Extrait du discours du Pape François à la Curie, le 21/12/2020 :
« Frères et sœurs, cette réflexion sur la crise met en garde de juger hâtivement l’Eglise sur la base des crises causées par les scandales d’hier et d’aujourd’hui. (…) Dieu continue de faire grandir les semences de son Royaume au milieu de nous. (…)
Celui qui ne regarde pas la crise à la lumière de l’Evangile se contente de faire l’autopsie d’un cadavre : il regarde la crise, mais sans l’espérance de l’Evangile, sans la lumière de l’Evangile. Nous sommes effrayés par la crise non seulement parce que nous avons oublié de l’évaluer comme l’Evangile nous invite à le faire, mais aussi parce que nous avons oublié que l’Evangile est le premier à nous mettre en crise. C’est l’Evangile qui nous met en crise.
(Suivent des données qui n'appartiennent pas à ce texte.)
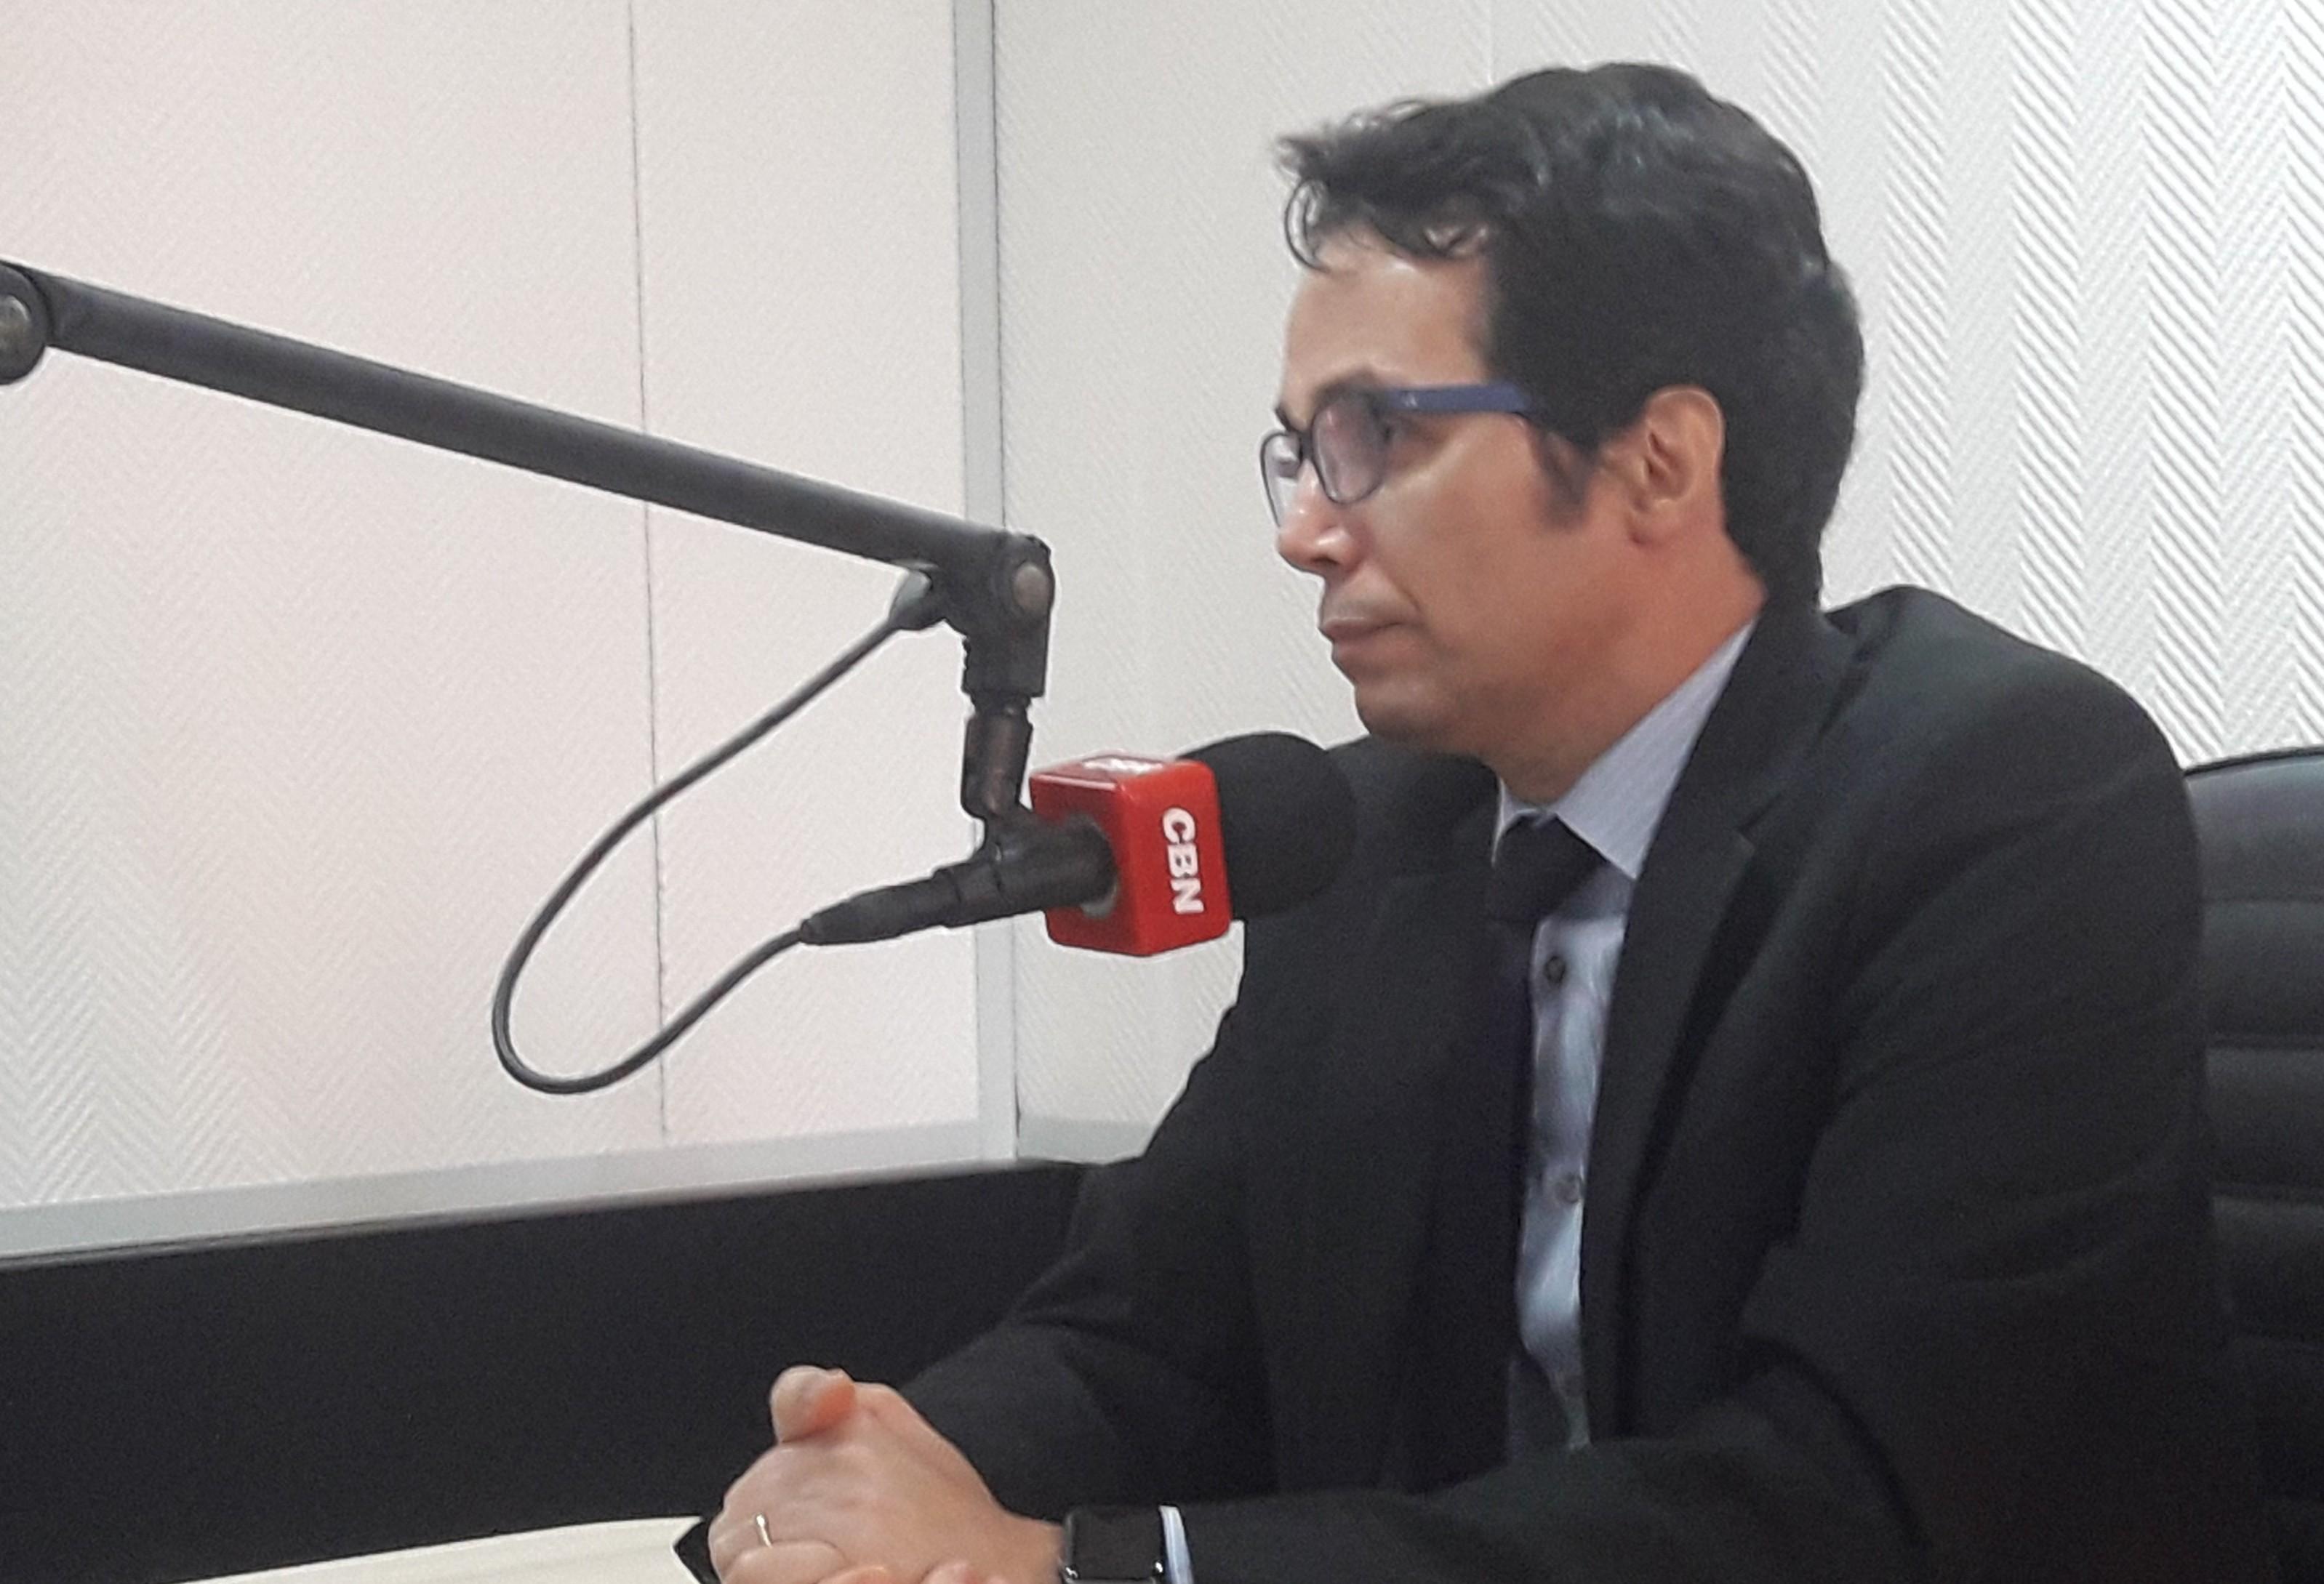 Brasil tem metade dos advogados do mundo porque tudo vai parar no Judiciário

Mais si nous trouvons de nouveau le courage et l’humilité de dire à haute voix que le temps de la crise est un temps de l’Esprit, alors, même devant l’expérience de l’obscurité, de la faiblesse, de la fragilité, des contradictions, de l’égarement, nous ne nous sentirons plus écrasés. Nous garderons toujours l’intime confiance que les choses vont prendre une nouvelle tournure jaillie exclusivement de l’expérience d’une grâce cachée dans l’obscurité.
Enfin, je voudrais vous exhorter à ne pas confondre la crise avec le conflit. La crise a généralement une issue positive alors que le conflit crée toujours une contradiction, une compétition, un antagonisme apparemment sans solution entre amis à aimer et ennemis à combattre, avec la victoire qui en découle d’une des parties.
La logique du conflit cherche toujours les “coupables” à stigmatiser et à mépriser et les “justes” à justifier pour introduire la conscience que telle ou telle situation ne nous appartient pas. Cette perte de sens d’une appartenance commune favorise le développement où l’affirmation de certaines attitudes à caractère élitiste et de “groupes clos” qui promeuvent des logiques limitatives et partielles, qui appauvrissent l’universalité de notre mission. Lire l’Eglise selon les catégories du conflit – droite et gauche, progressistes et traditionnalistes – fragmente, polarise, pervertit et trahit sa véritable nature : elle est un corps toujours en crise justement parce qu’il est vivant, mais elle ne doit jamais devenir un corps en conflit avec des vainqueurs et des vaincus. La nouveauté introduite par la crise voulue par l’Esprit n’est jamais une nouveauté en opposition à ce qui est ancien, mais une nouveauté qui germe de l’ancien et le rend toujours fécond. Jésus utilise une expression qui exprime de manière simple et claire ce passage : « Si le grain de blé tombé en terre ne meurt pas, il reste seul ; mais s’il meurt, il porte beaucoup de fruit » (Jn 12, 24). L’acte de mourir de la semence est un acte ambivalent parce qu’il marque en même temps la fin de quelque chose et le début de quelque chose d’autre. Nous appelons le même moment mort-pourrir et naissance-germer car ils sont une même chose : nous voyons sous nos yeux une fin et, en même temps, dans cette fin se manifeste un nouveau commencement. »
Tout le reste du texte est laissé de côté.